As of commit 78ffe49 with merge base e53da90 ():
💚 Looks good so far! There are no failures yet. 💚

This comment was automatically generated by Dr. CI and updates every 15 minutes.

albanD

Thanks!

kurtamohler · 2023-11-09T23:11:26Z

@pytorchbot merge

pytorchmergebot · 2023-11-09T23:14:01Z

Merge started

Your change will be merged once all checks pass (ETA 0-4 Hours).

Learn more about merging in the wiki.

Questions? Feedback? Please reach out to the PyTorch DevX Team

Advanced Debugging

Check the merge workflow status
here

gchanan · 2023-11-13T15:45:18Z

@albanD @kurtamohler worth a BC breaking note?

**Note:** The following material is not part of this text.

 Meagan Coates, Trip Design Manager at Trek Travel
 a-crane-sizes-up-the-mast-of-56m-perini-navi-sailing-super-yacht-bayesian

kurtamohler · 2023-11-13T17:48:58Z

Yeah probably a good idea. I added a note

…113386) Fixes pytorch#113300 Pull Request resolved: pytorch#113386 Approved by: https://github.com/albanD

kevint324 · 2024-05-15T08:50:54Z

Hi @kurtamohler @albanD

Sorry to discuss this on the closed PR. I can open another issue if you think it's a better place to discuss it. Please let me know.

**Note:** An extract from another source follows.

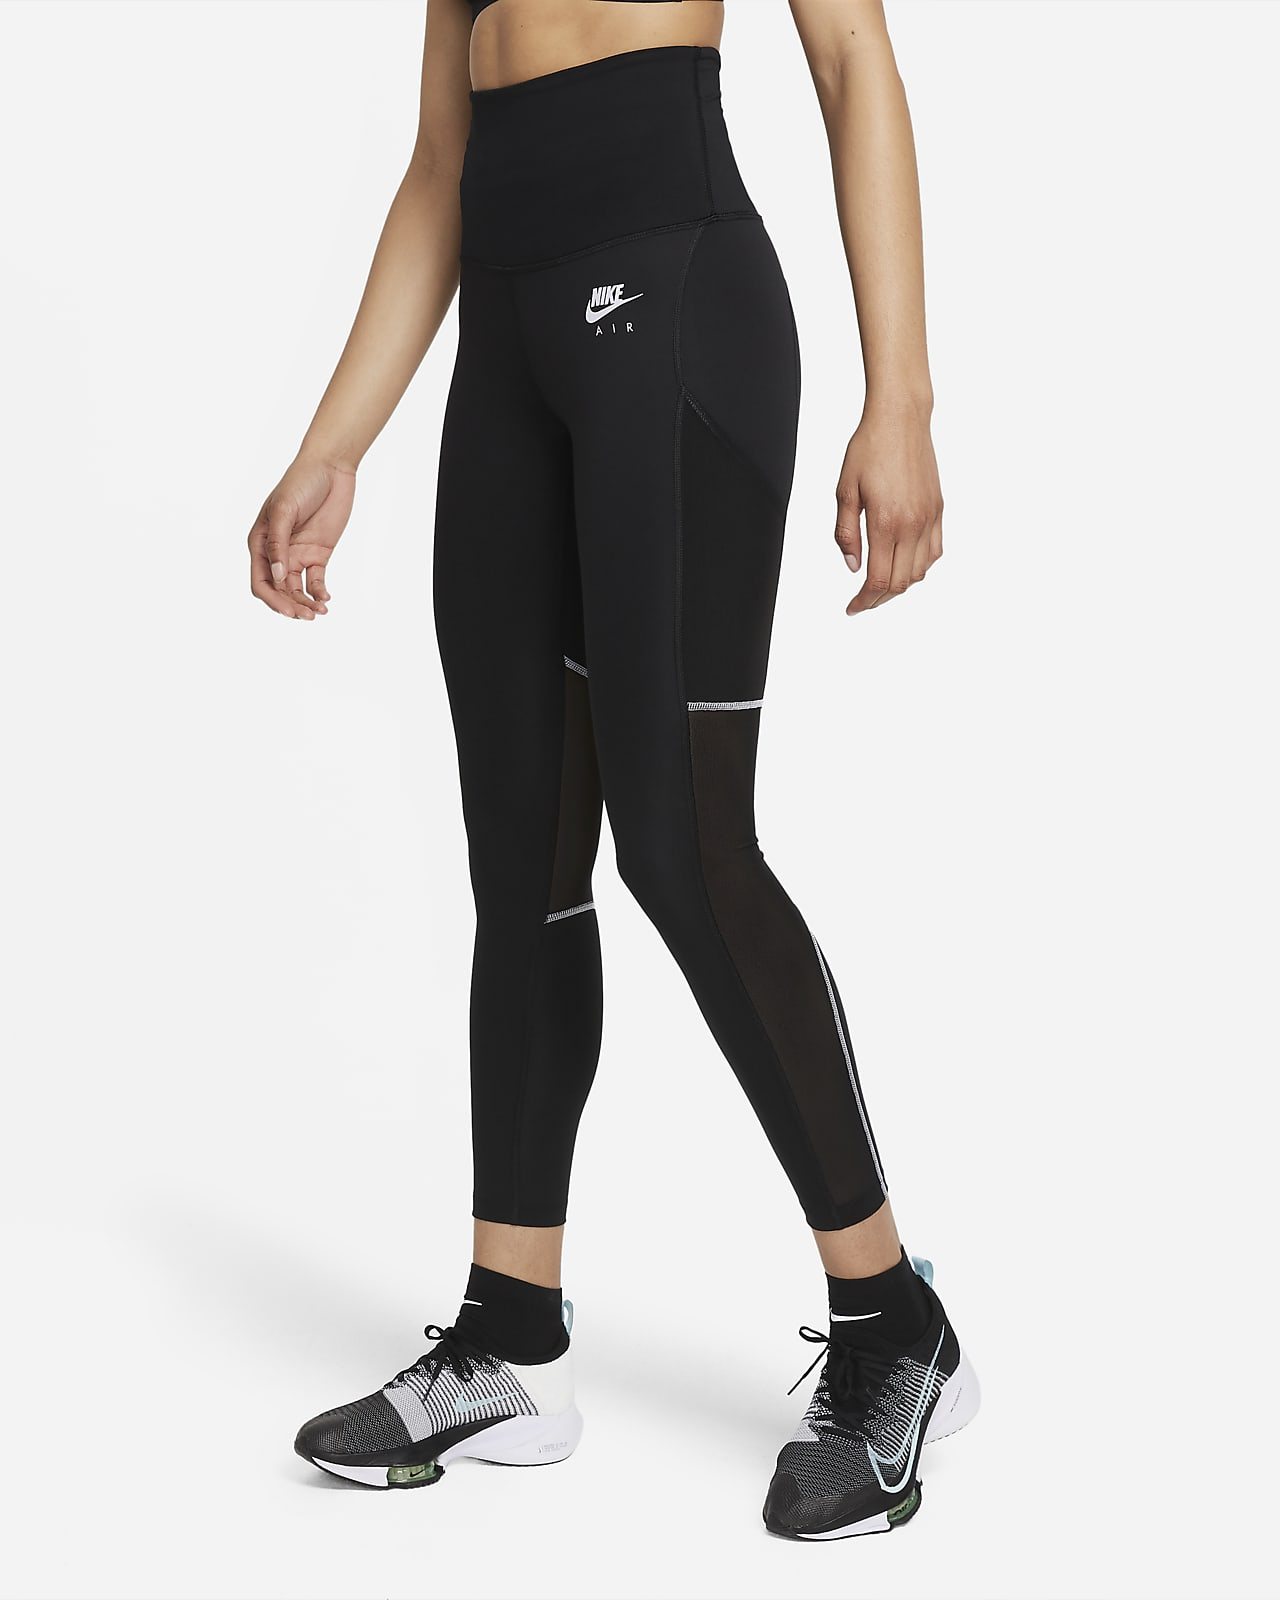 Nike Air Dri-FIT Women's Fold-Over Waist 7/8 Running Leggings

Could you explain a little bit that why is c10::cuda::CUDAGuard guard(device.index()); needed here

We are looking into some performance issue and found quite some device Set/Get operation pairs which are introduced by device guards which are scattered all over the code path.

For instance, it seems resize_bytes_cuda here assumes allocator->allocate(size_bytes); should be guarded.
Also, resize_impl_cuda_ inserts device guard by default.

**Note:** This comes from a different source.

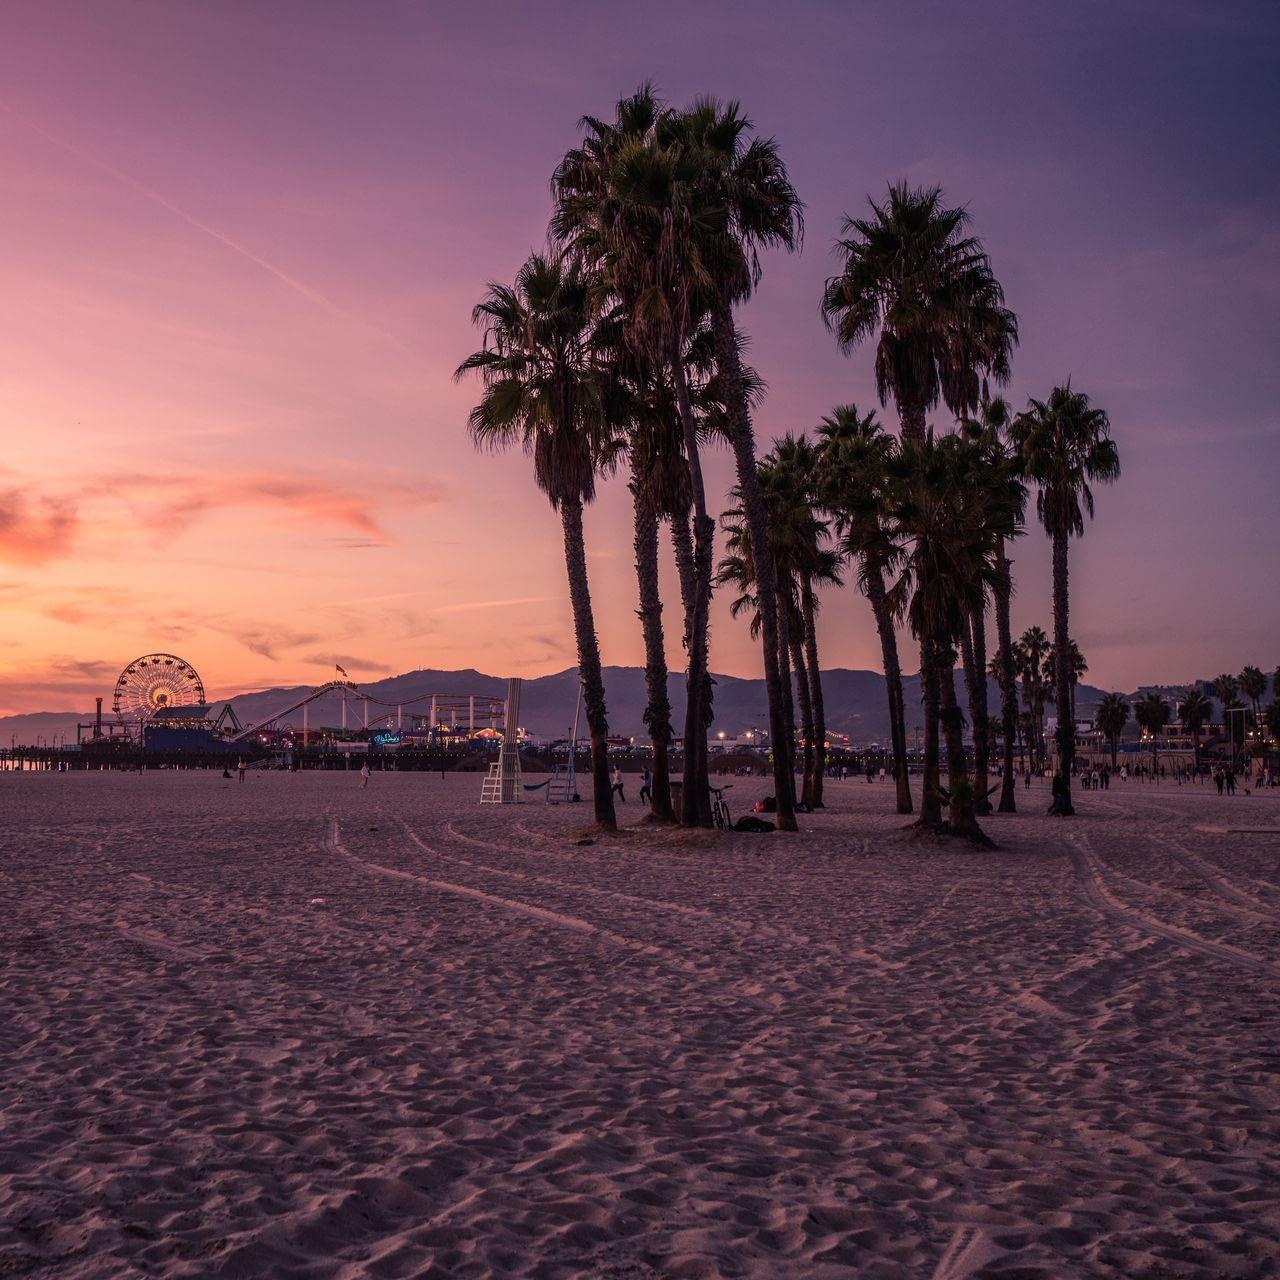 venice beach palm trees at sunset

Along the path, resize_impl_cuda_ (first device gurard) -> maybe_resize_storage_cuda -> resize_bytes_cuda (nested device guard)`

Is there any pricinple on device guard usage? It seems

All functions declared with TORCH_CUDA_CPP_API should be guarded?
It's always the caller's responsibility to guard the callee. Thus nested device guard is inevitable since the callee has no idea about what the caller did and might do the device guard again.

And last, if resize_bytes_cuda is guarded anyway, is it necessary to have a device guard here ?

Also do you think it's necessary to handle/optimize nested device guard?
Tensorflow(now XLA) uses TLS to manage the depth of nested guards which can save some calls to device layer.

Thanks
Kevin

kurtamohler · 2024-05-15T23:49:48Z

Hey @kevint324, I'm not sure about all the answers to the questions you asked, but below are my responses to some of them.

Could you explain a little bit that why is c10::cuda::CUDAGuard guard(device.index()); needed here

The allocator will use whichever device index is currently set. We need to make sure that the device index is set to the same device index that the data of the StorageImpl given to resize_bytes_cuda is currently allocated on--otherwise, the storage's data may switch to a different device. We want to keep the storage on whichever device the user originally said they wanted it to be on.

Along the path, resize_impl_cuda_ (first device gurard) -> maybe_resize_storage_cuda -> resize_bytes_cuda (nested device guard)`

If the guard in resize_bytes_cuda is potentially redundant within a call to resize_impl_cuda_(..., device_guard = true), that is not the only place where resize_bytes_cuda is called. It is also called here and here. I don't think either of those call sites sets the device guard beforehand.

It's always the caller's responsibility to guard the callee.

I'm not sure I would agree that that is always true, unless I'm misunderstanding what you mean. If we were to move the responsibility of setting the device guard to the caller of resize_bytes_cuda, then all of its call sites will need to add CUDAGuard guard(storage_impl->device().index());. In order to make the interface developer-friendly, resize_bytes_cuda should be responsible for changing the device index when needed.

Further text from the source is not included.